Available data:

————————

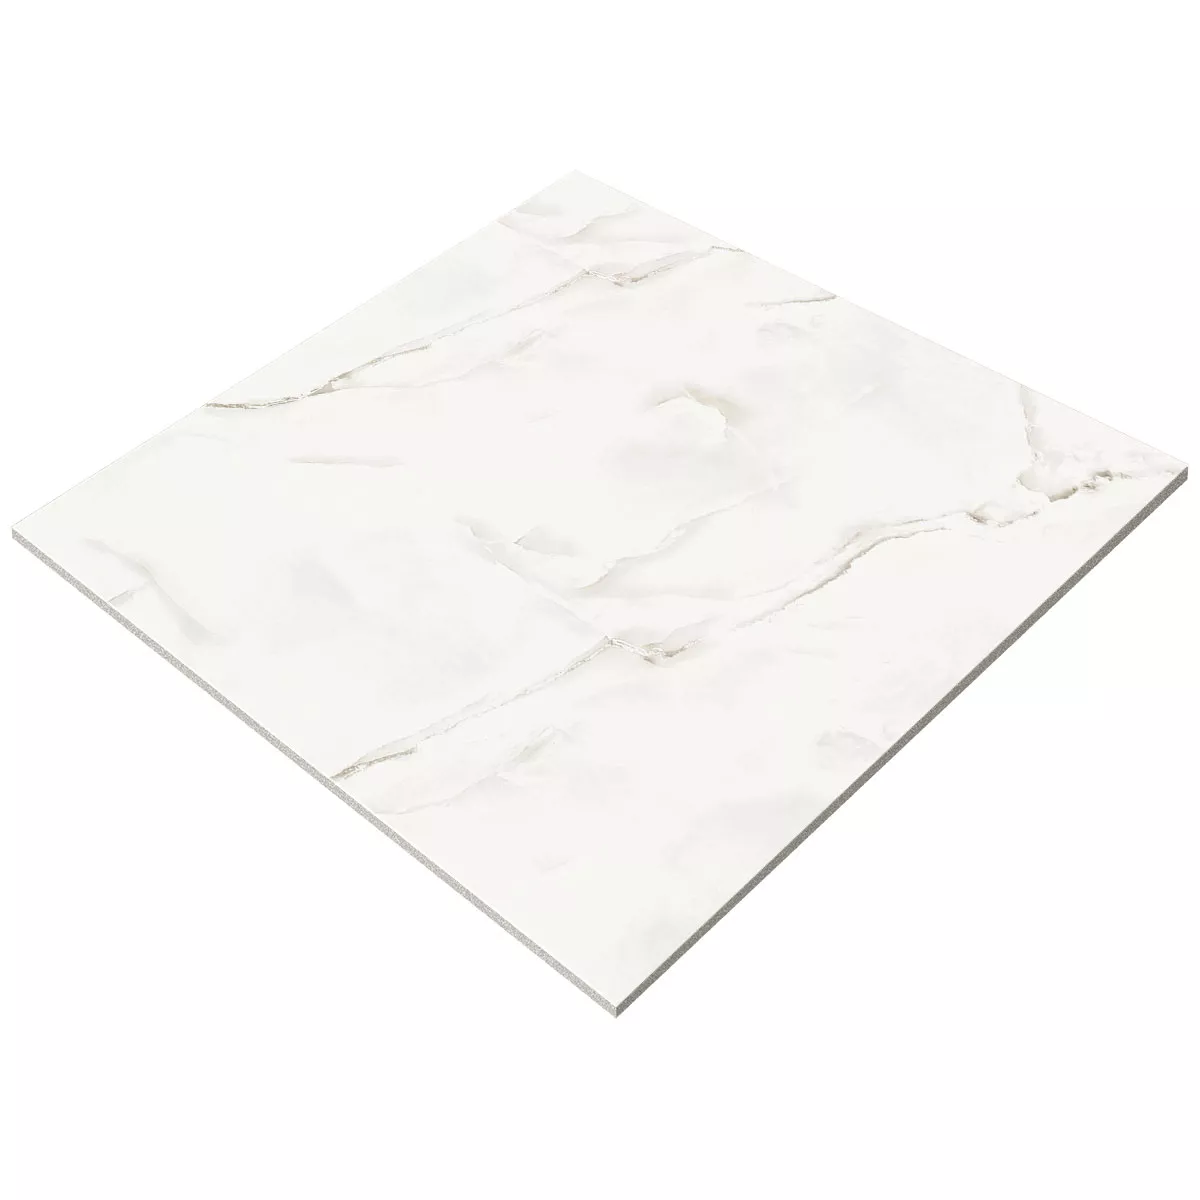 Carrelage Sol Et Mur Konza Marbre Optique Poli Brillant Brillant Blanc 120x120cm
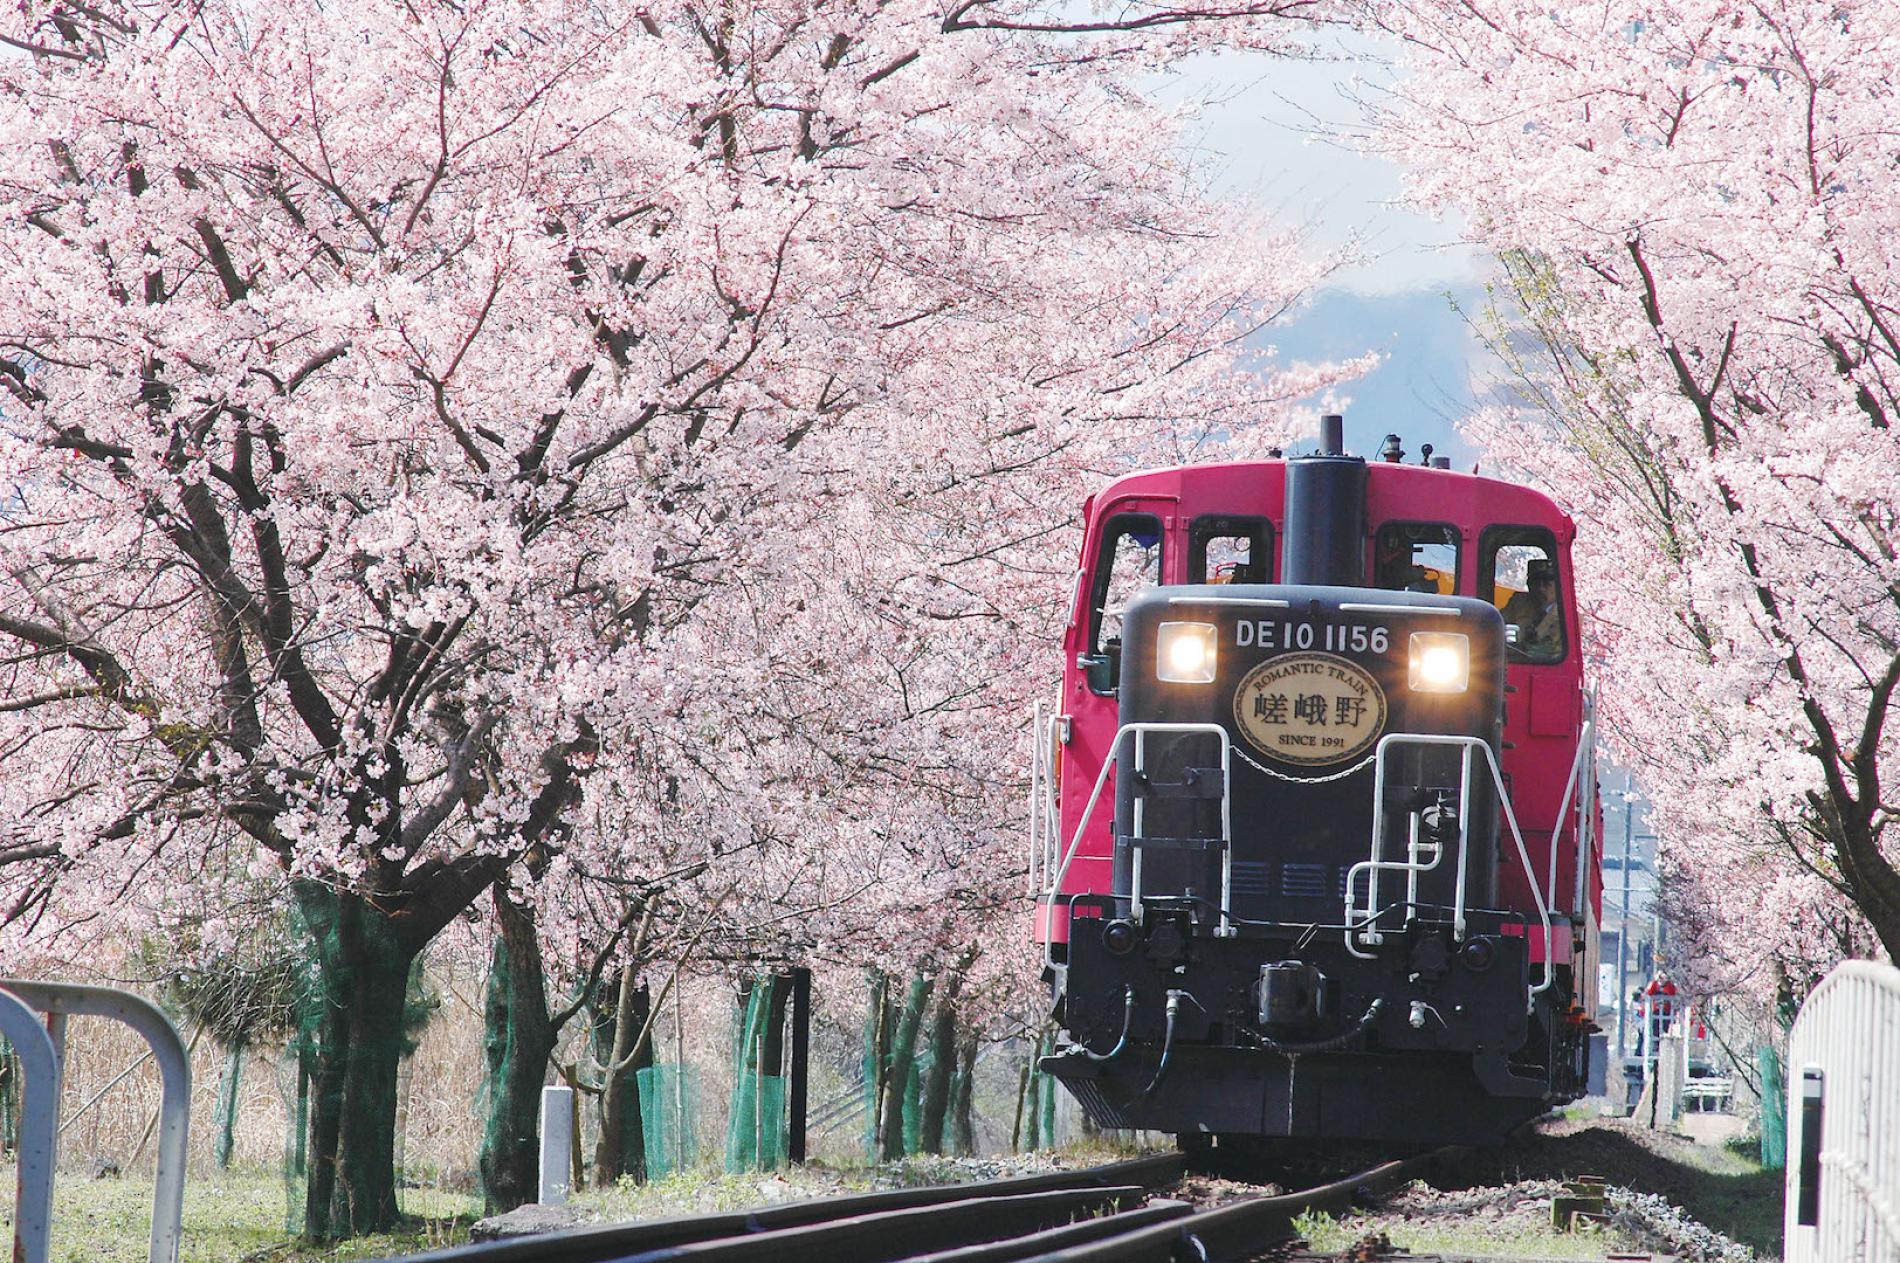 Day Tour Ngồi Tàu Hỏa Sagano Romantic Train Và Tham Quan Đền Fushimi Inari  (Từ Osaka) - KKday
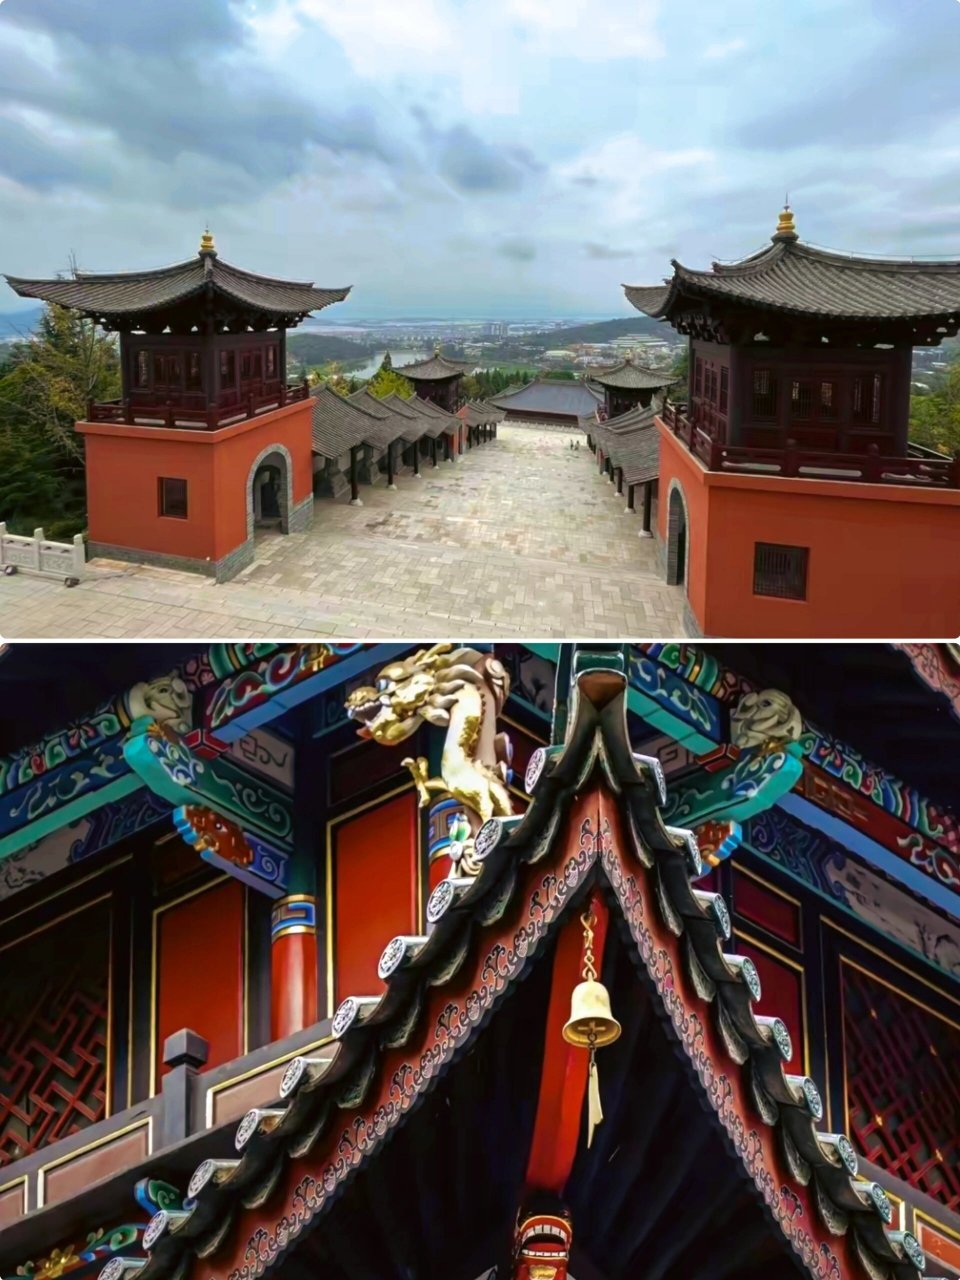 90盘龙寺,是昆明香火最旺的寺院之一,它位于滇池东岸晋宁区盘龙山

————————

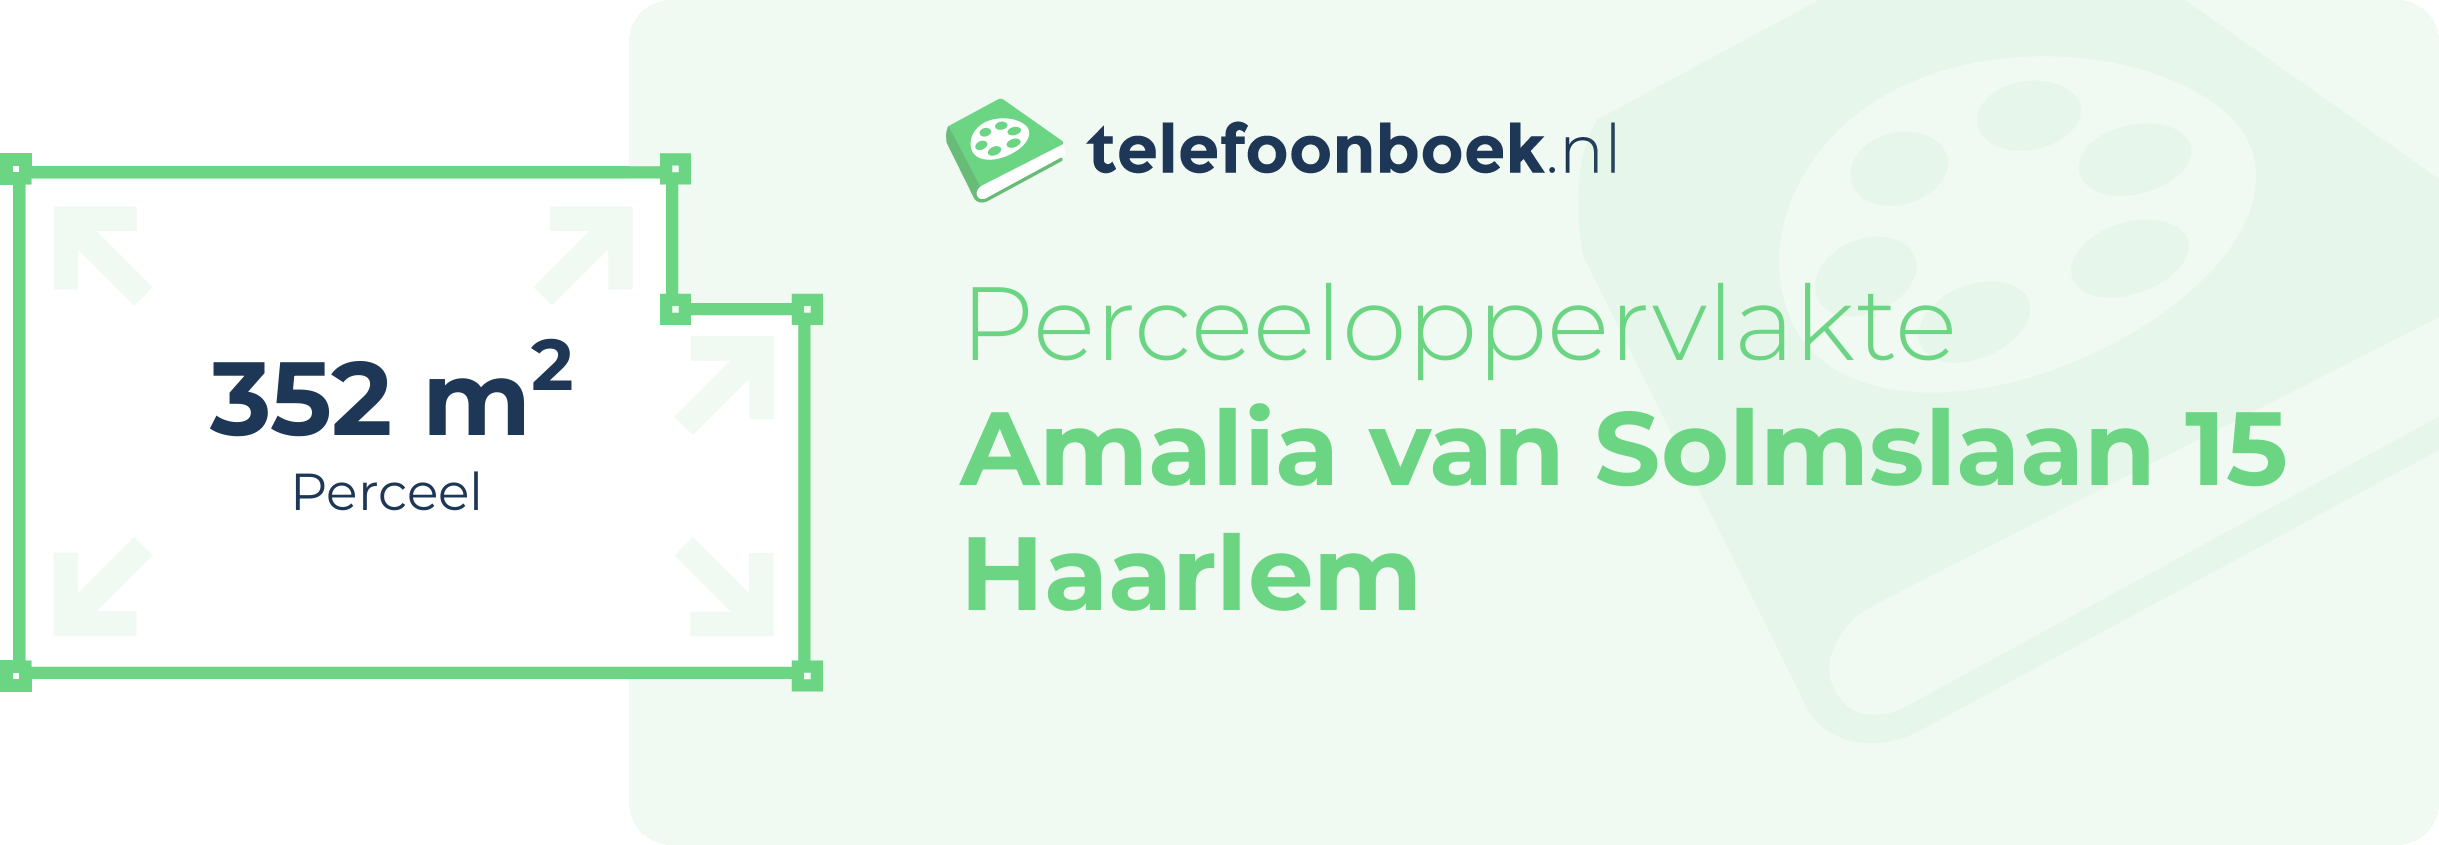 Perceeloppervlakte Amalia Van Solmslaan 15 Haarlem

————————

Exercise description: The material above holds pictures; leave them out and set down exactly the lines from the line with "Carrelage Sol Et" to the line with "90盘龙寺,是昆明香火最旺的寺院之一,它位于滇池东岸晋宁区盘龙山", both included.

Output of the exercise:
 Carrelage Sol Et Mur Konza Marbre Optique Poli Brillant Brillant Blanc 120x120cm
 Day Tour Ngồi Tàu Hỏa Sagano Romantic Train Và Tham Quan Đền Fushimi Inari  (Từ Osaka) - KKday
 90盘龙寺,是昆明香火最旺的寺院之一,它位于滇池东岸晋宁区盘龙山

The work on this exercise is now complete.